▸ Material provided:
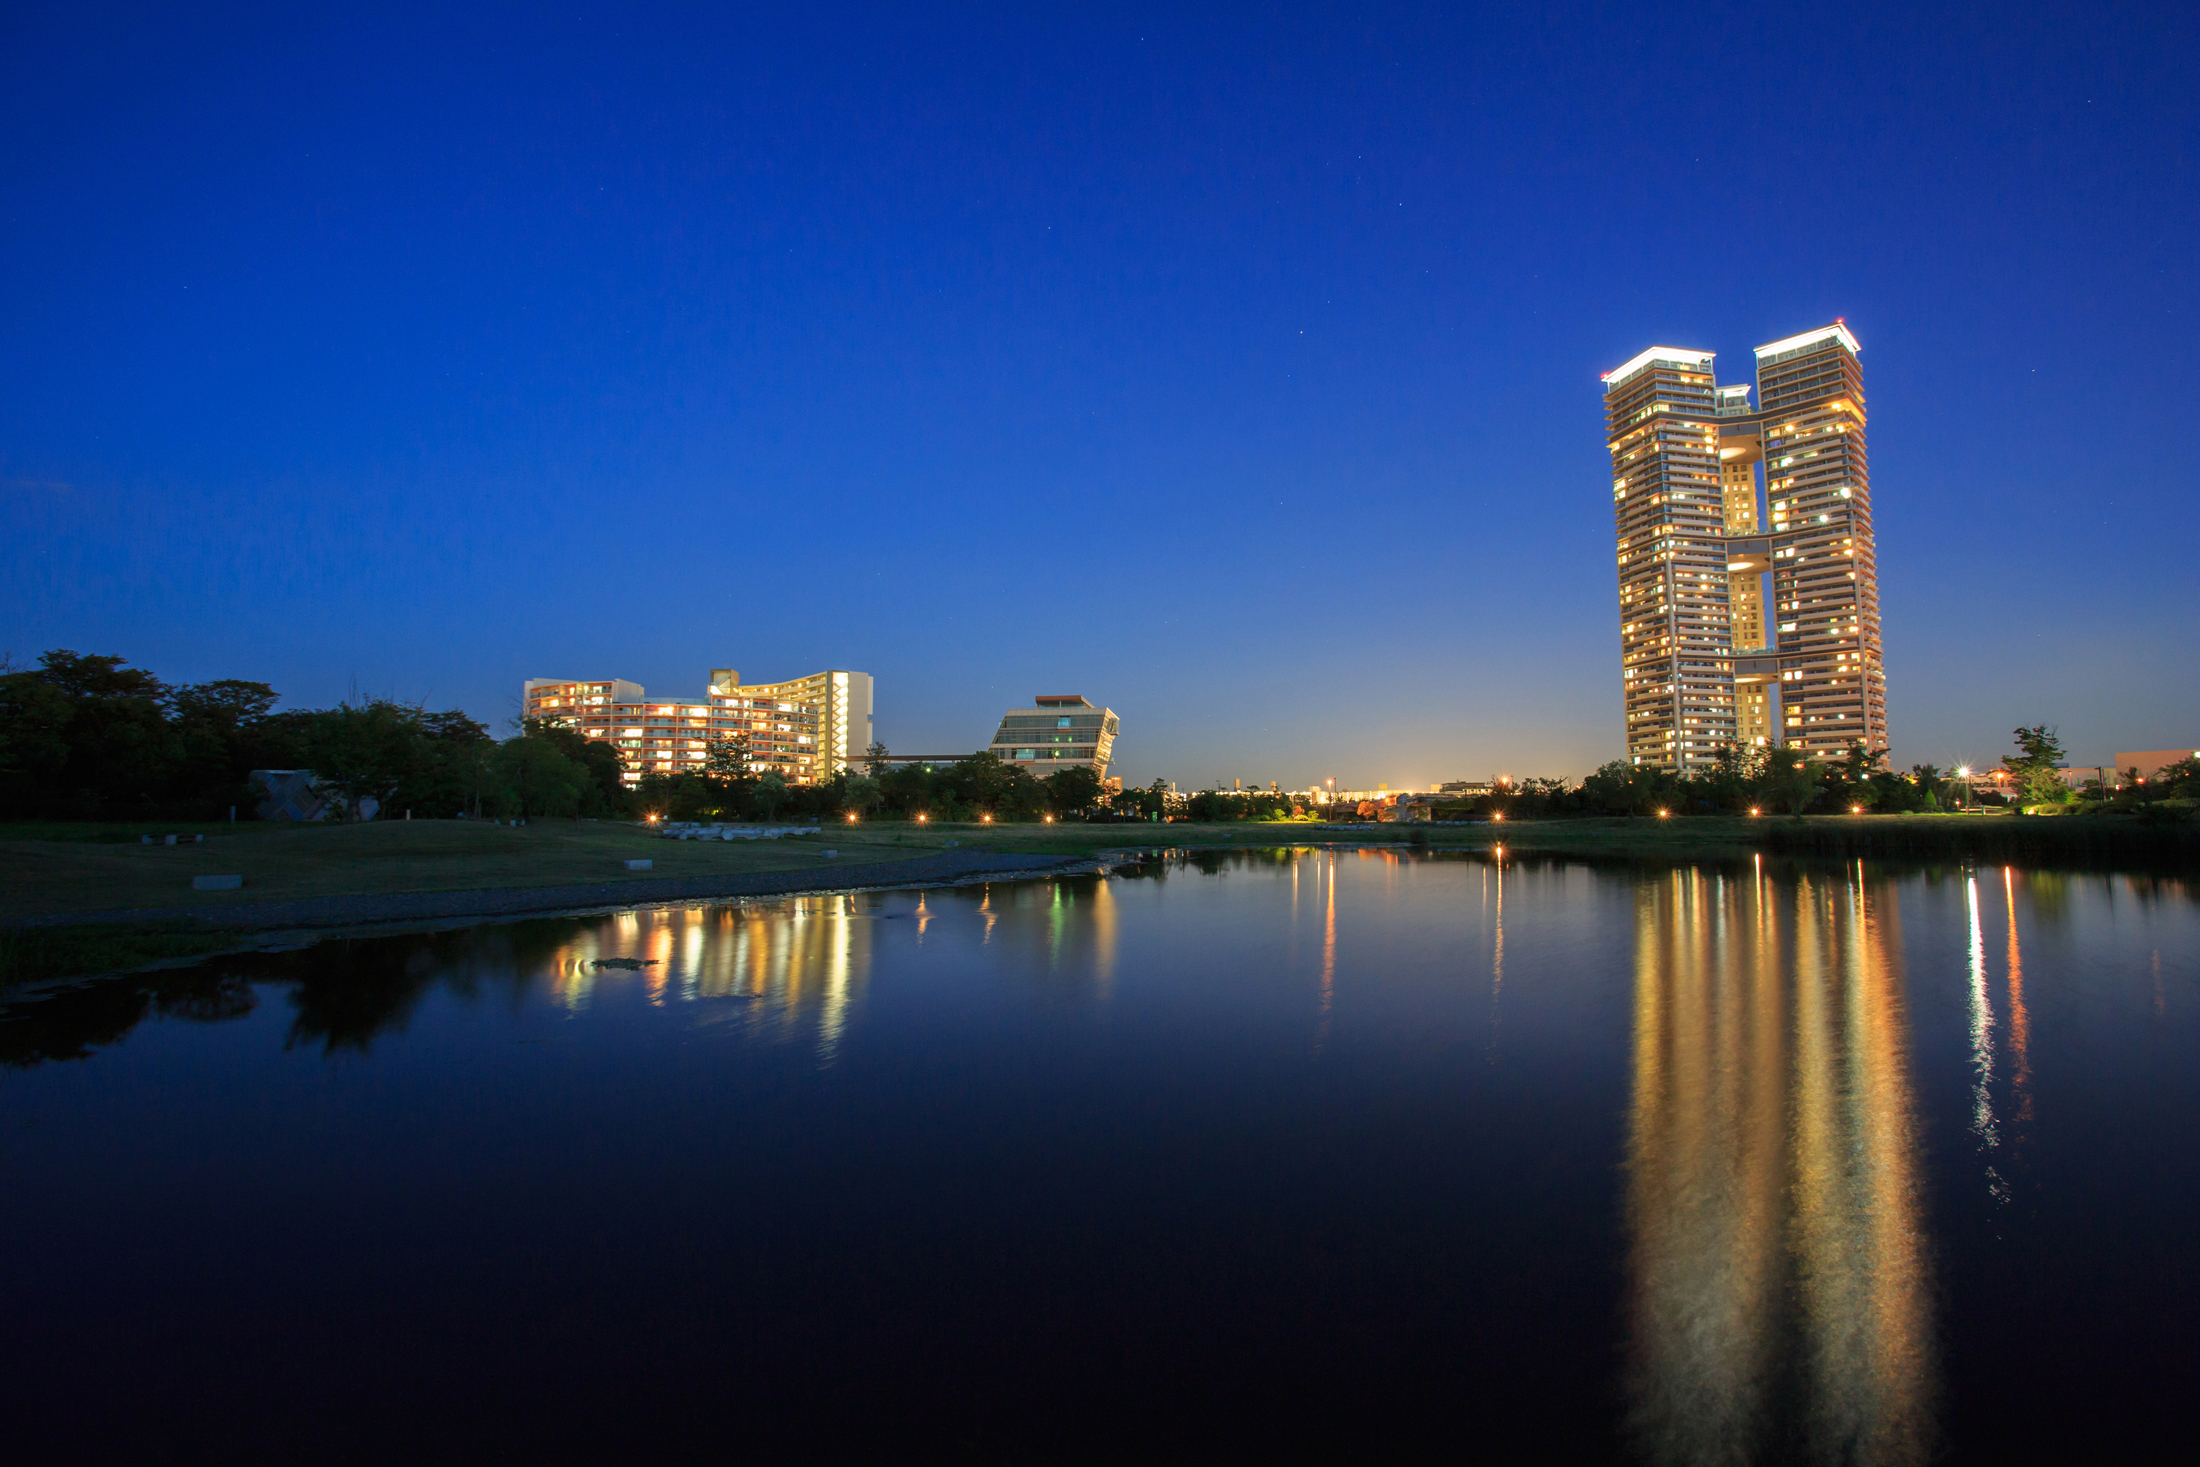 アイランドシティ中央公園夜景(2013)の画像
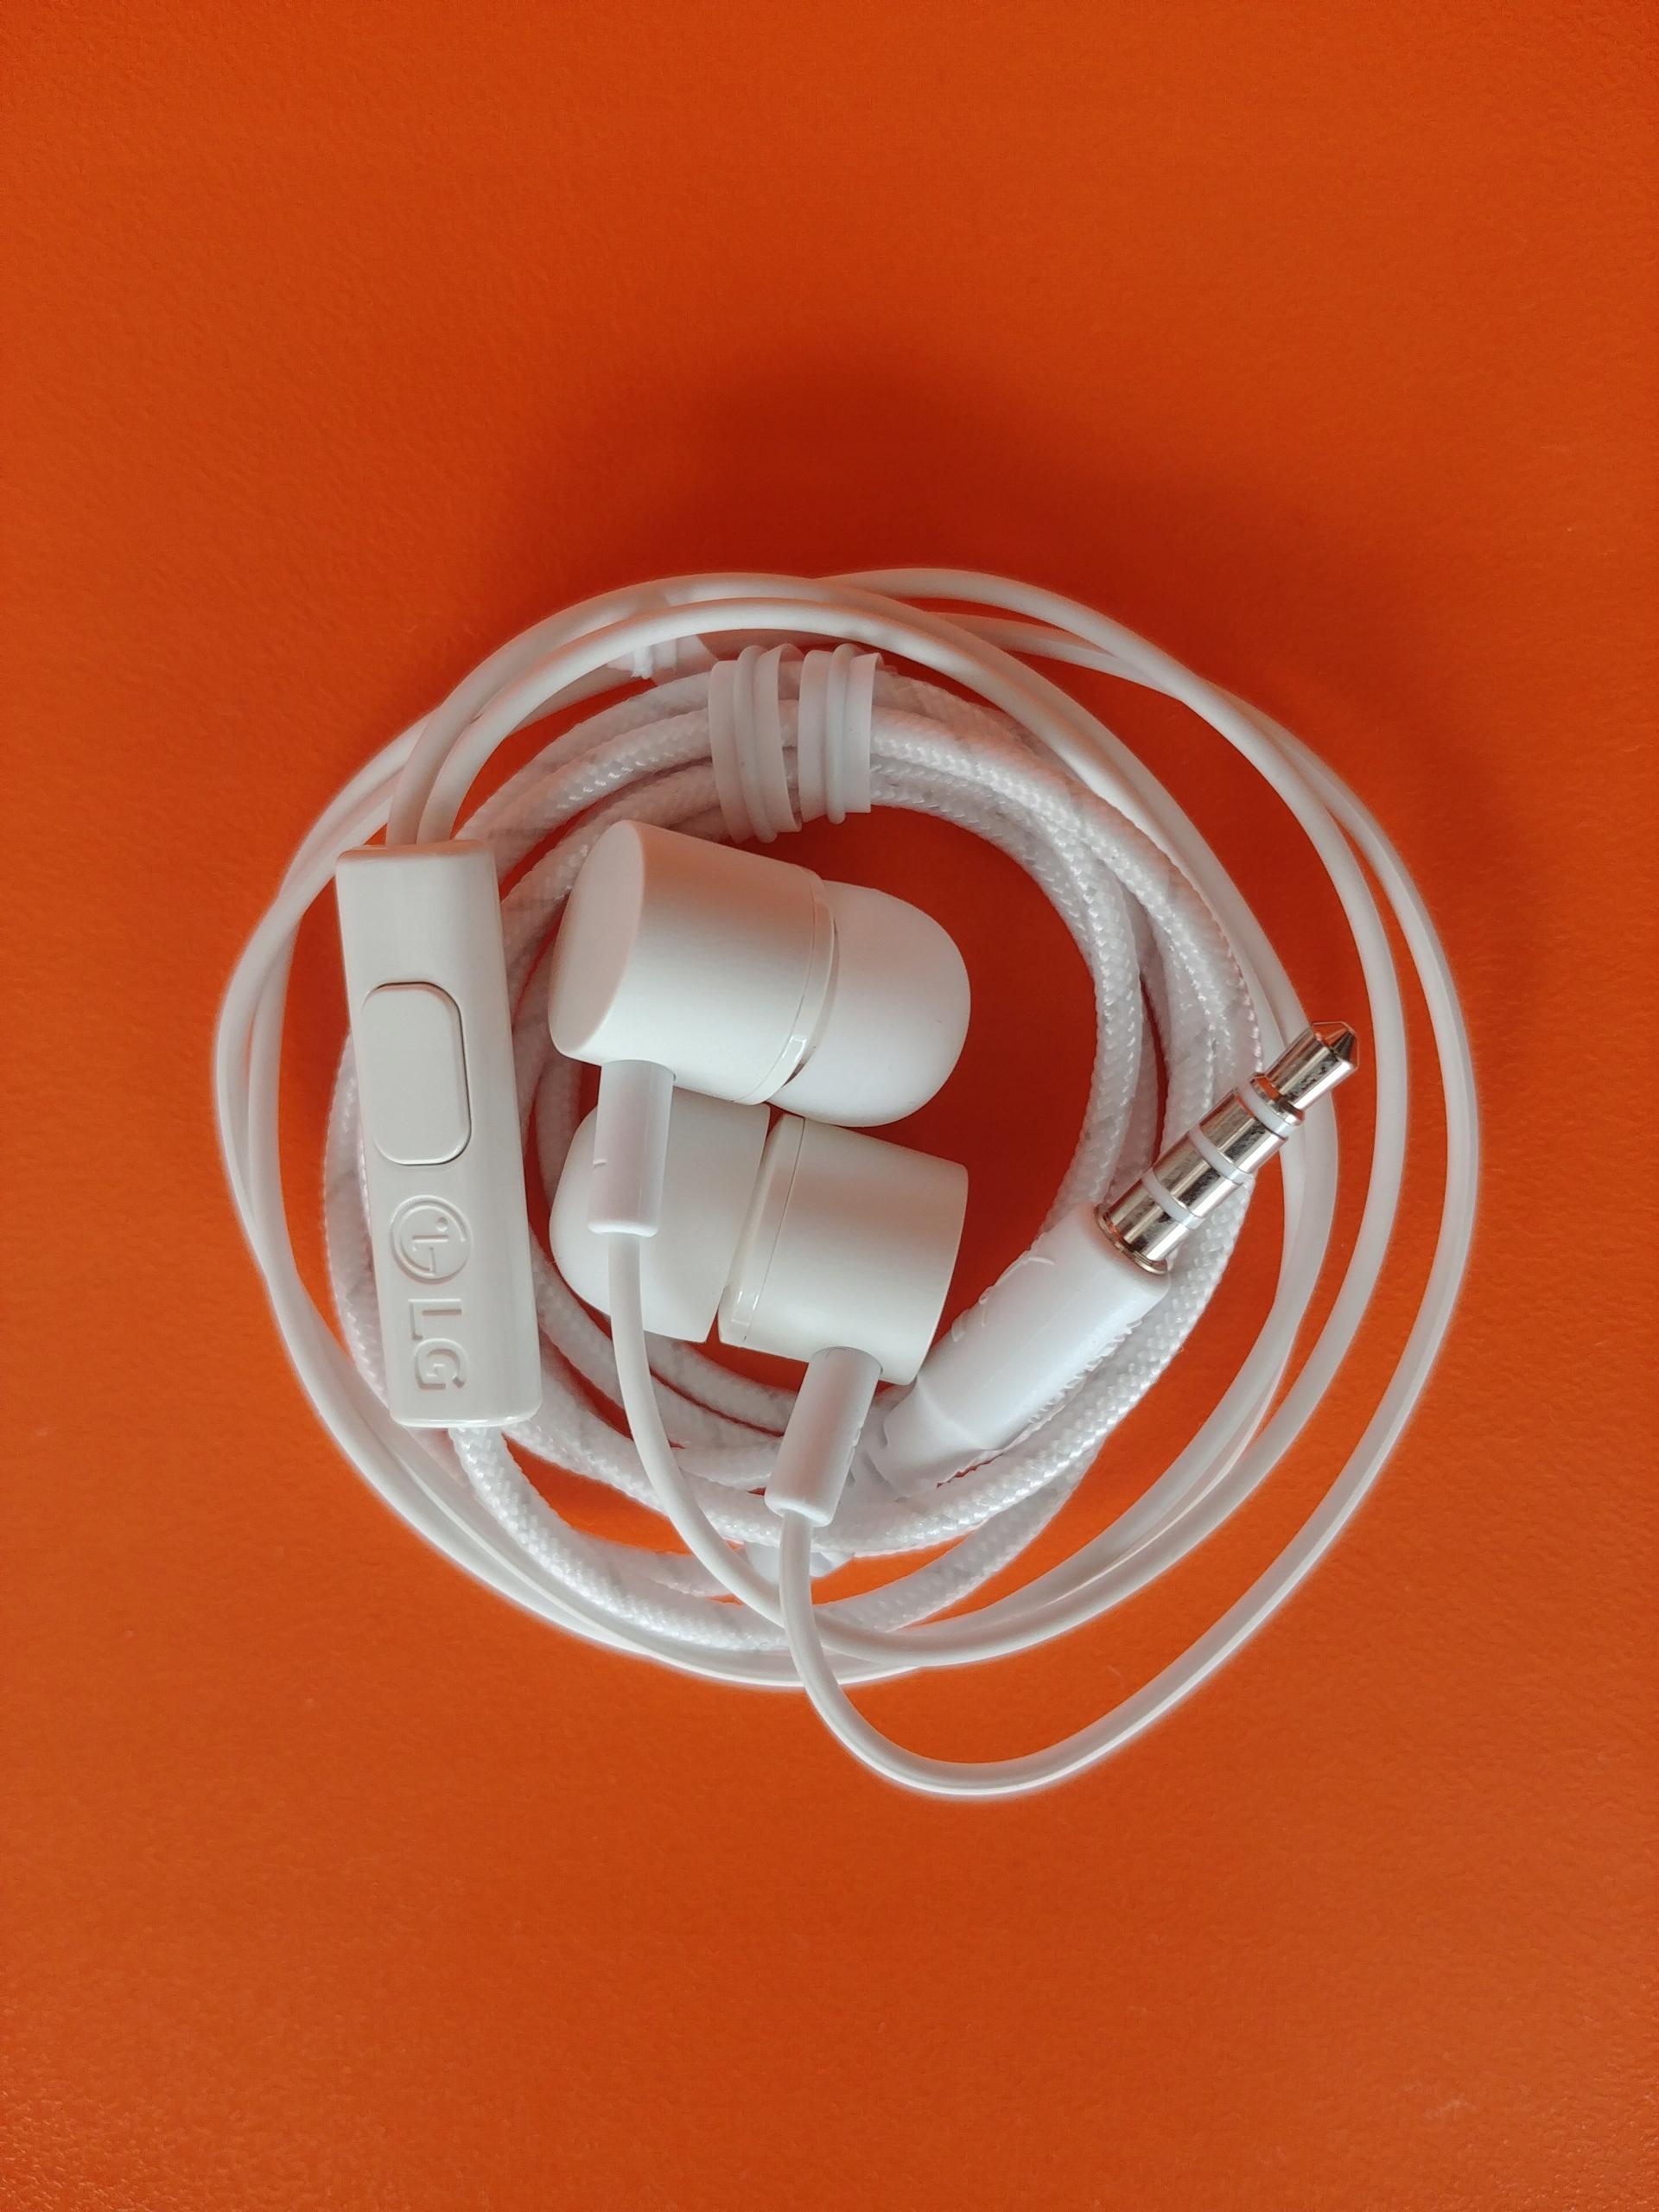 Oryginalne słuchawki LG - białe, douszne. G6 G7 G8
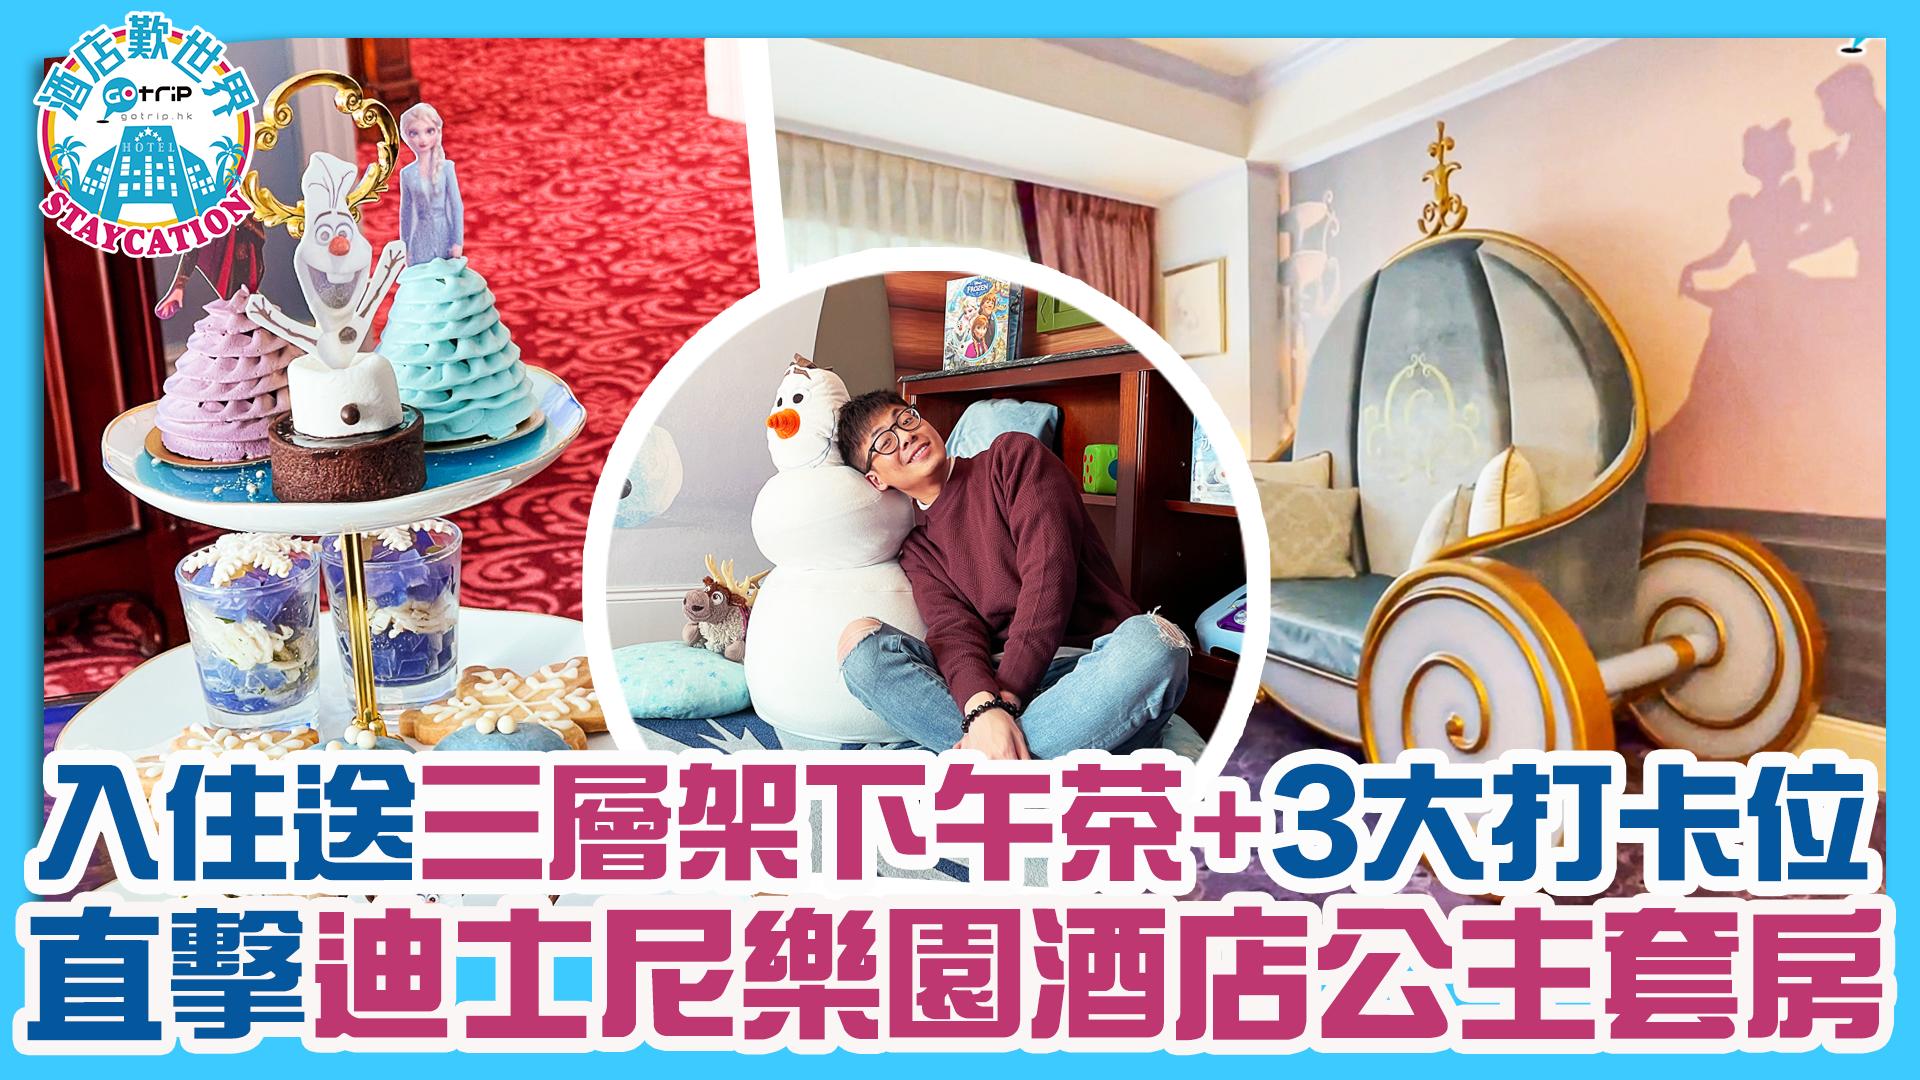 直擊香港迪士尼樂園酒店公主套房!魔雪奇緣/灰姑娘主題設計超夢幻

▸ Exercise brief: Restate the listing above word for word, and skip the pictures.

▸ Result:
 アイランドシティ中央公園夜景(2013)の画像
 Oryginalne słuchawki LG - białe, douszne. G6 G7 G8
 直擊香港迪士尼樂園酒店公主套房!魔雪奇緣/灰姑娘主題設計超夢幻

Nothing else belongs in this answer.